I’m Sitting in the Middle of It All
I’m sitting at my desk, surrounded by piles of my past—stuff, memories, grief, and ghosts.
Cameron died here.
This was his last home.
It was mine too—the place I escaped to.
The place I screamed into pillows and notebooks.
The place I built my healing lab from scratch.
This space held my silence and my rage. My breakdowns and breakthroughs.
This is where I found my voice.
My courage.
My truth.
And now it’s time to pack it all up.
Again.
This is the third dumpster. The third time I’ve downsized, purged, prepared for a fresh start.
But this time… there’s no plan.
No destination.
No next step waiting neatly on the other side.
Just me.
And the stuff.
The stuff I’ve avoided.
The Christmas decorations from a family that no longer exists.
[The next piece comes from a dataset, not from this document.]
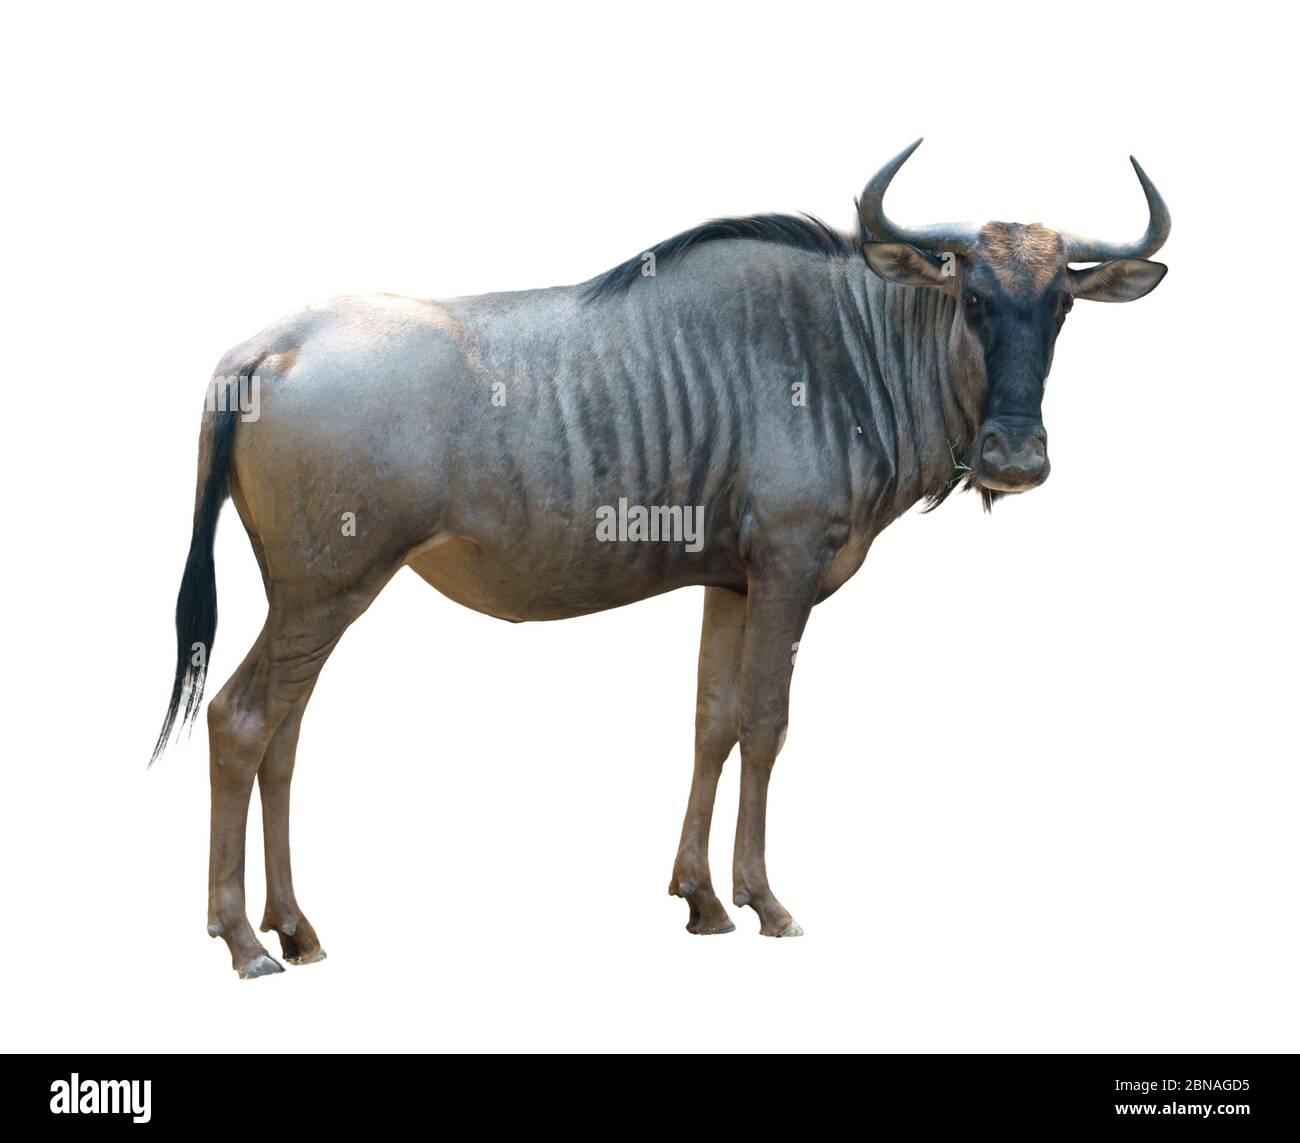 wildebeest o gnu aislado sobre fondo blanco Foto de stock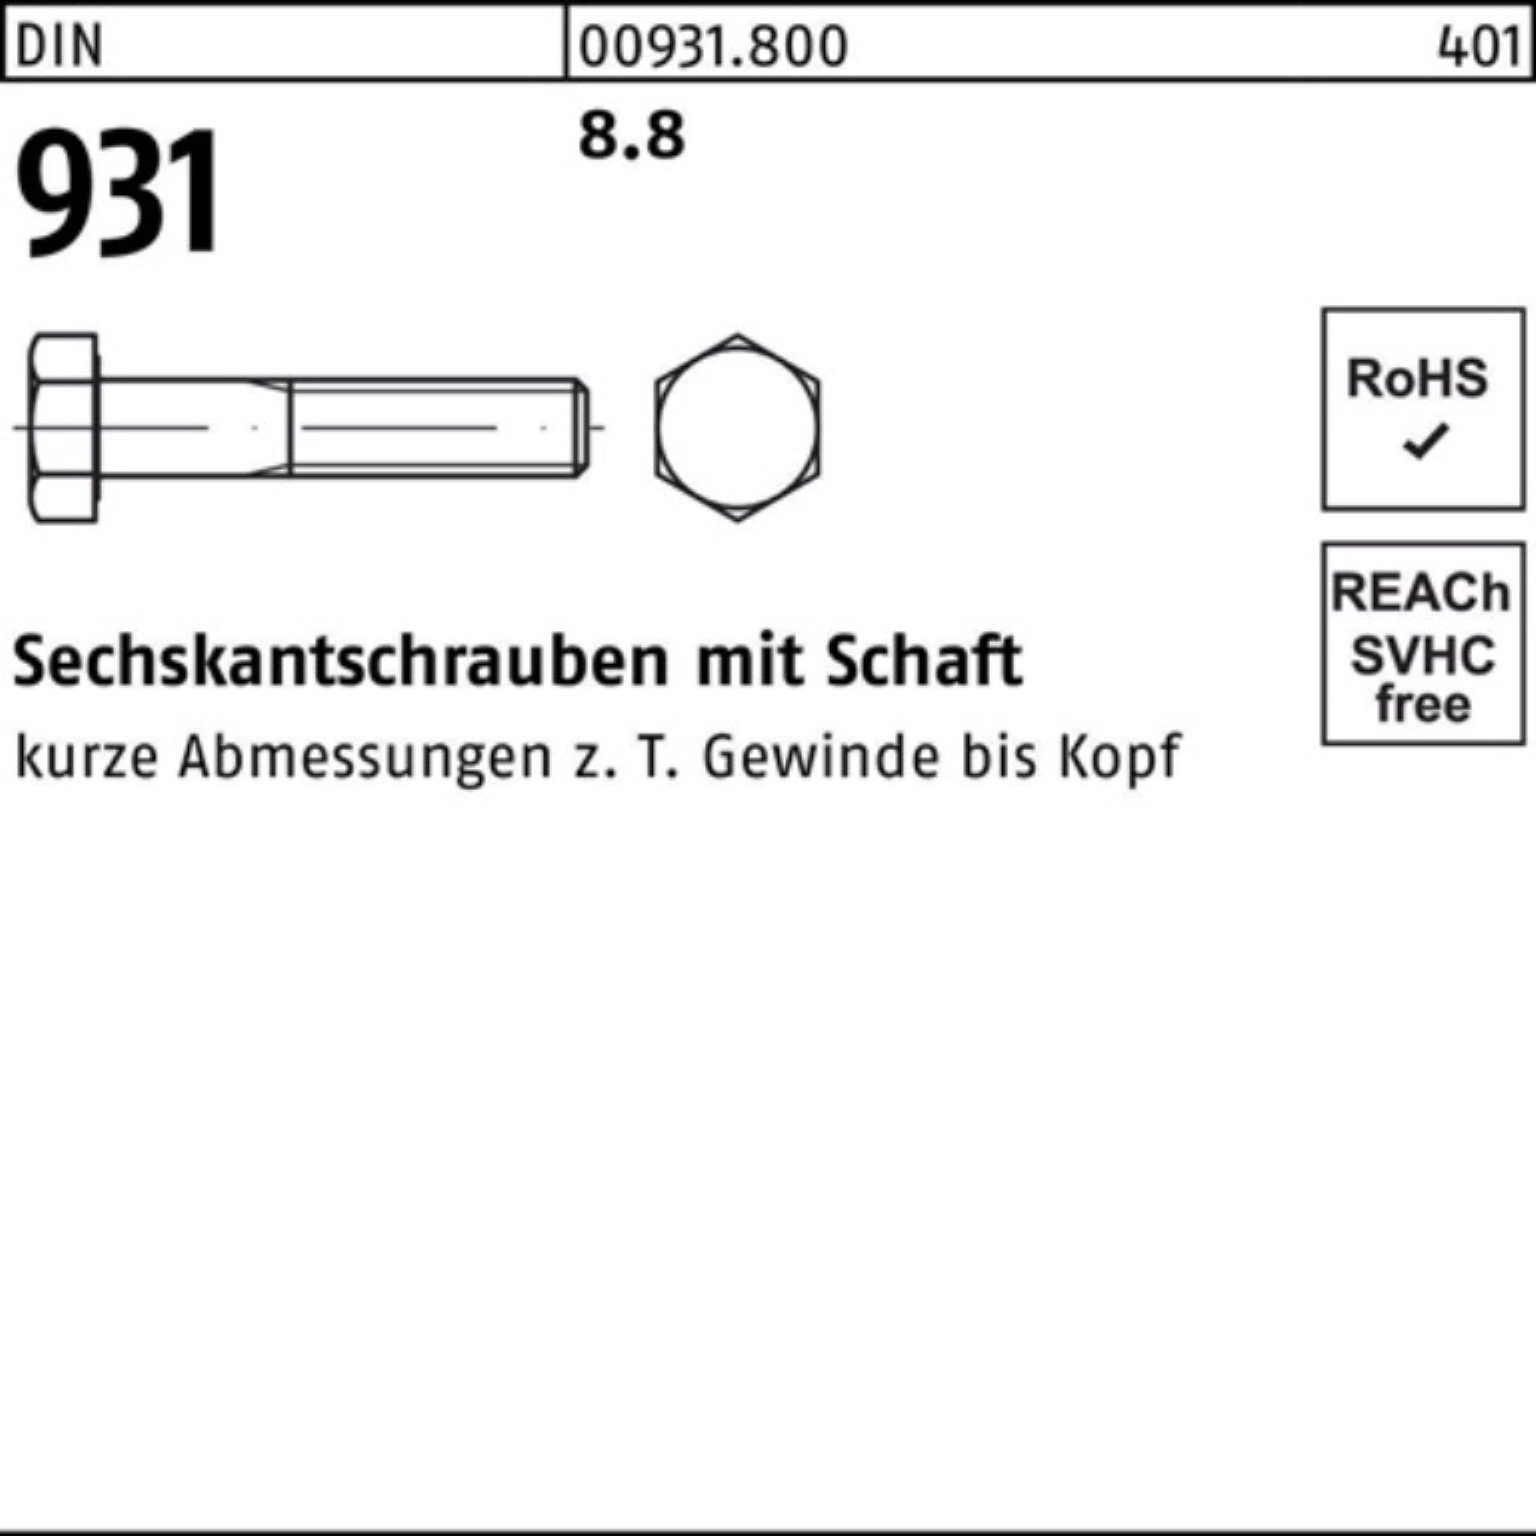 Reyher Sechskantschraube 200er Sechskantschraube 8.8 35 931 DIN 200 Stück Pack DIN Schaft M6x

The vacuum from a life I no longer clean.
The Brian memorabilia I’ve never thrown away—because what do you even do with the evidence of a love that became war?
I look around and ask myself:
Is it just junk?
Or is every single thing a timestamp from my old timelines?
Mia’s moving out. Starting her life.
And I’m here, frozen in the rubble of mine, whispering goodbye to a chapter that made me who I am… and broke me in ways I’m still stitching up.
This place…
This place is sacred ground.
Not because it was beautiful.
But because I survived it.
And I’m not taking all of it with me.
Some of it will be burned.
Some of it will be donated, transformed, or tossed.
Some of it will live on in memory, in story, in art.
But all of it…
Every shred of it…
Will be honored.
Because it was real.
Because it mattered.
Because I’m finally ready to release the weight of who I had to be… and make room for who I really am.